Do zdarzenia doszło 4 listopada w Bydgoszczy. Kierowca karetki na sygnałach wjechał na czerwonym świetle na skrzyżowanie ulic Kamiennej i Wyszyńskiego. W tym momencie uderzył w nią inny samochód. Siła uderzenia była tak duża, że ambulans przewrócił się na bok. Na pomoc ruszył między innymi Paweł Wojciechowski, były mistrz świata w skoku o tyczce.
- Mój kolega powiedział, że karetka się wywróciła. Najpierw go zapytałem, czy żartuje, bo z takich rzeczy się nie żartuje. Byłem w szoku, jak potwierdził, że naprawdę ta karetka leży wywrócona. Nie myśląc o niczym, ruszyłem. Miałem dość spory dystans do pokonania, bo około 400 metrów i dobiegłem tam praktycznie równo z radiowozem policji - opowiada lekkoatleta.
Wypadek zarejestrowała kamera w samochodzie innego kierowcy. Nagranie opublikował portal piracidrogowi.pl.
Kierowca karetki został ukarany mandatem
Poszkodowany został kierowca ambulansu, który jechał sam. Mężczyzna trafił do szpitala, na szczęście obrażenia nie zagrażały jego życiu i zdrowiu.
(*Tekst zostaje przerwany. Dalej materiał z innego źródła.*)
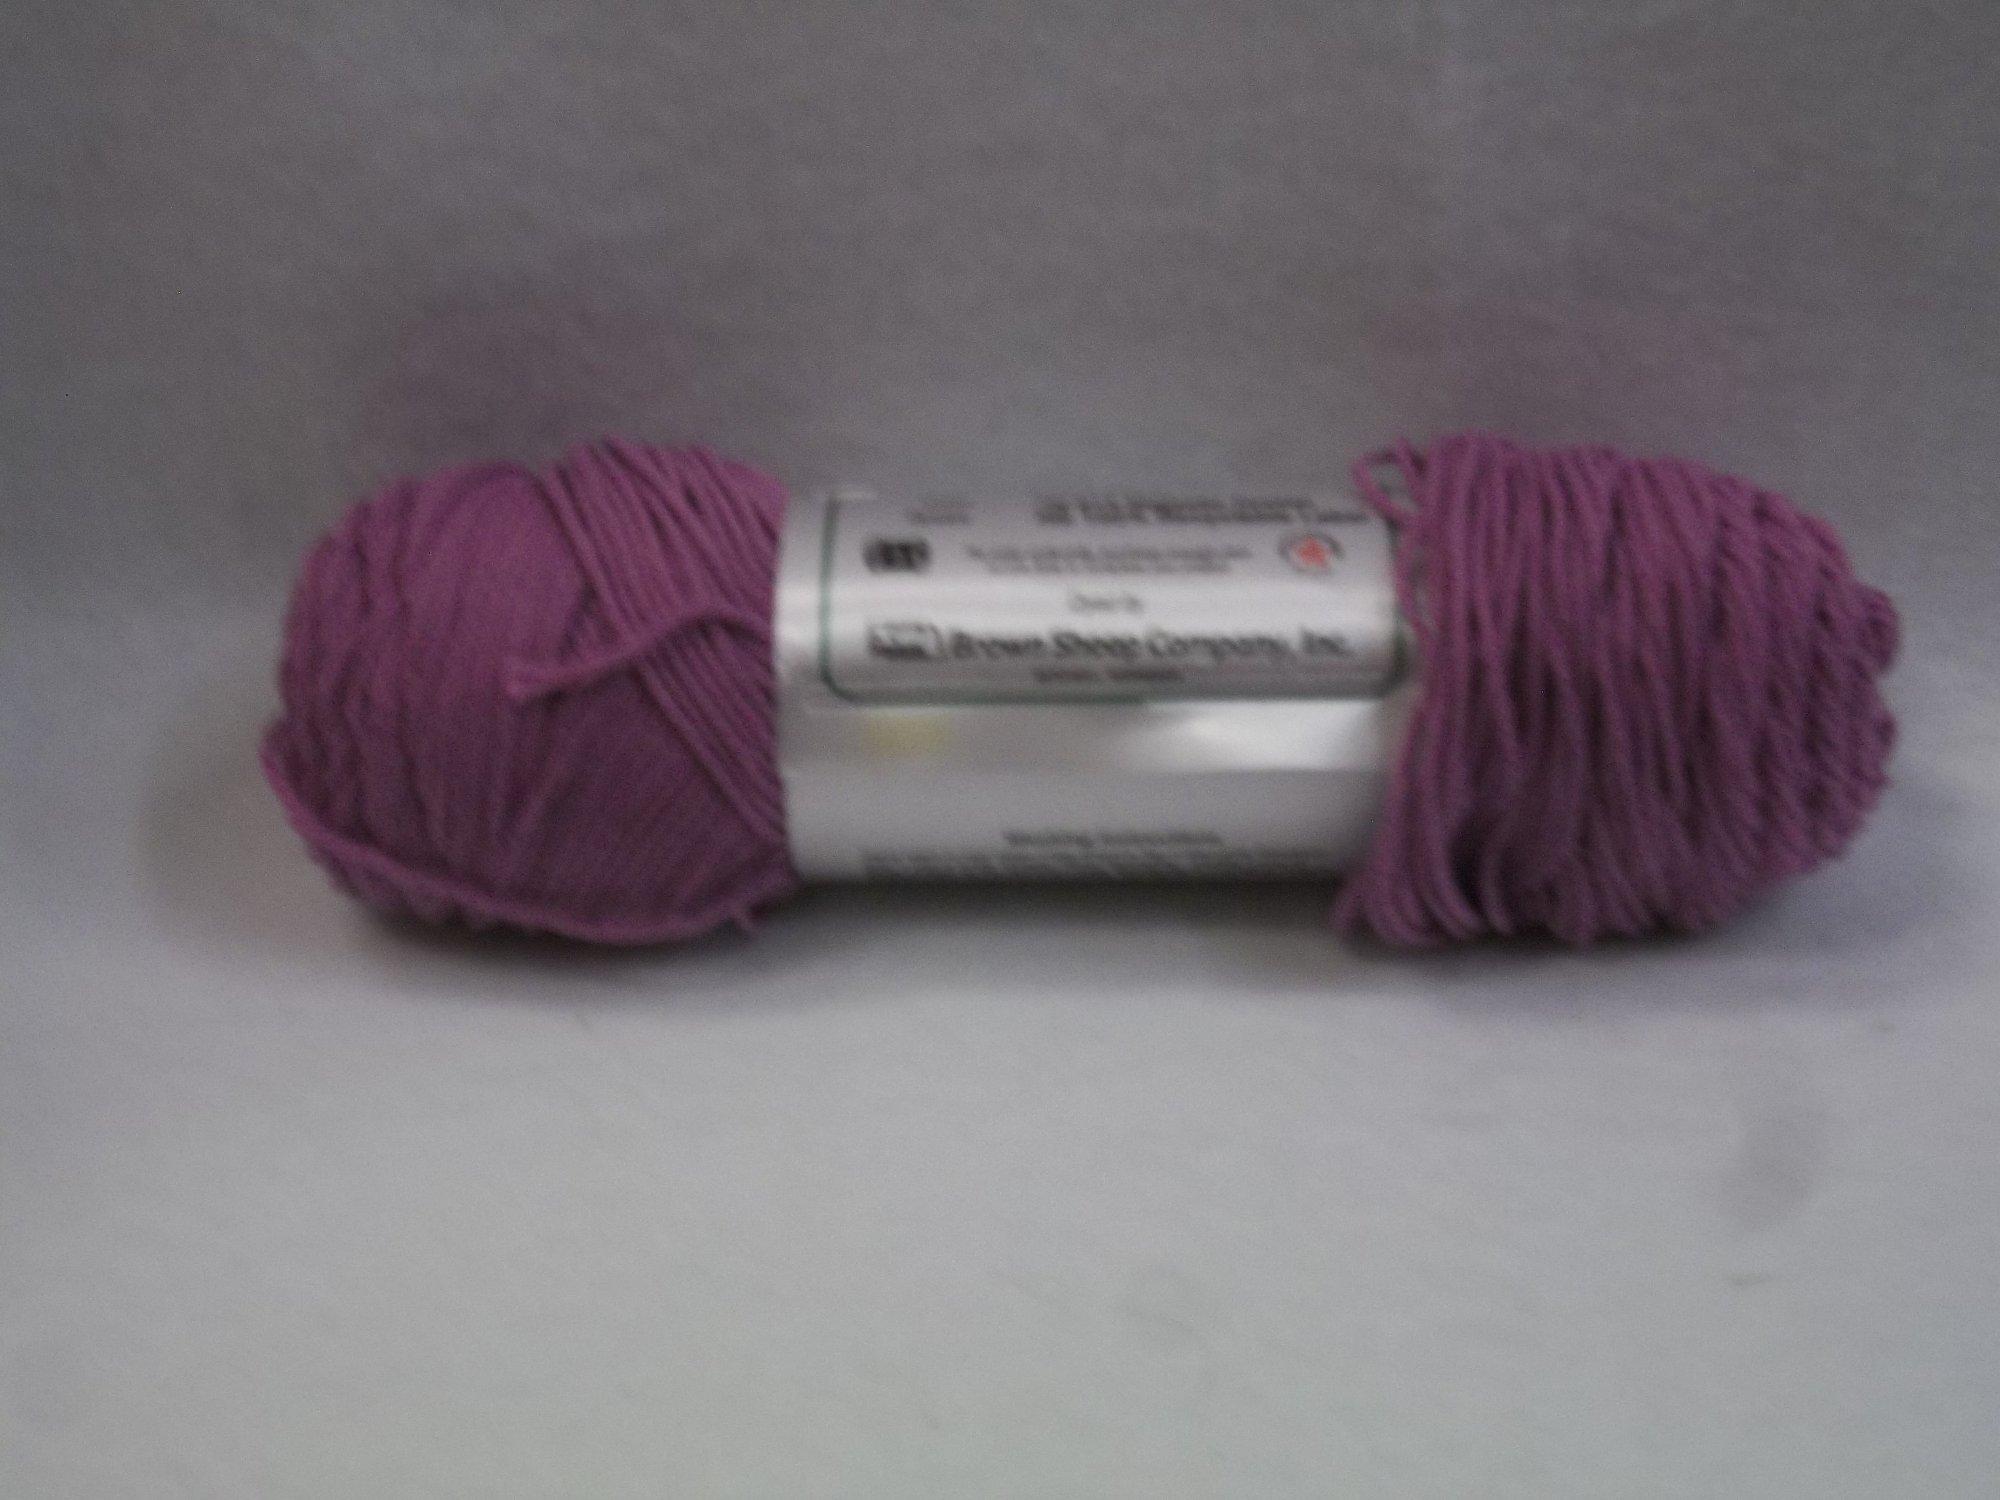 Cotton Fleece - CW-915 Majestic Orchid

W samochodzie osobowym były trzy osoby, w tym dziecko - nikomu z nich jednak nic się nie stało.
Jak mówi Paweł Wojciechowski, przeraża go to, że na początku nikt nie podbiegł, aby pomóc.
- Jedna rzecz była przerażająca, że nikt nie podbiegł, nikt nie pomógł. Ja z takiej odległości dotarłem tam jako pierwszy - mówi. -Pierwsza myśl, która mnie spotkała, to, co będzie, jak mnie to spotka, czy też nikt się nie zatrzyma - dodaje.
Jak ustalili policjanci, winnym wypadku był kierowca ambulansu, bo chociaż miał włączone sygnały świetle, to jednak wjeżdżając na skrzyżowanie na czerwonym świetle, powinien upewnić się, że robi to bezpiecznie. Mężczyzna został ukarany mandatem.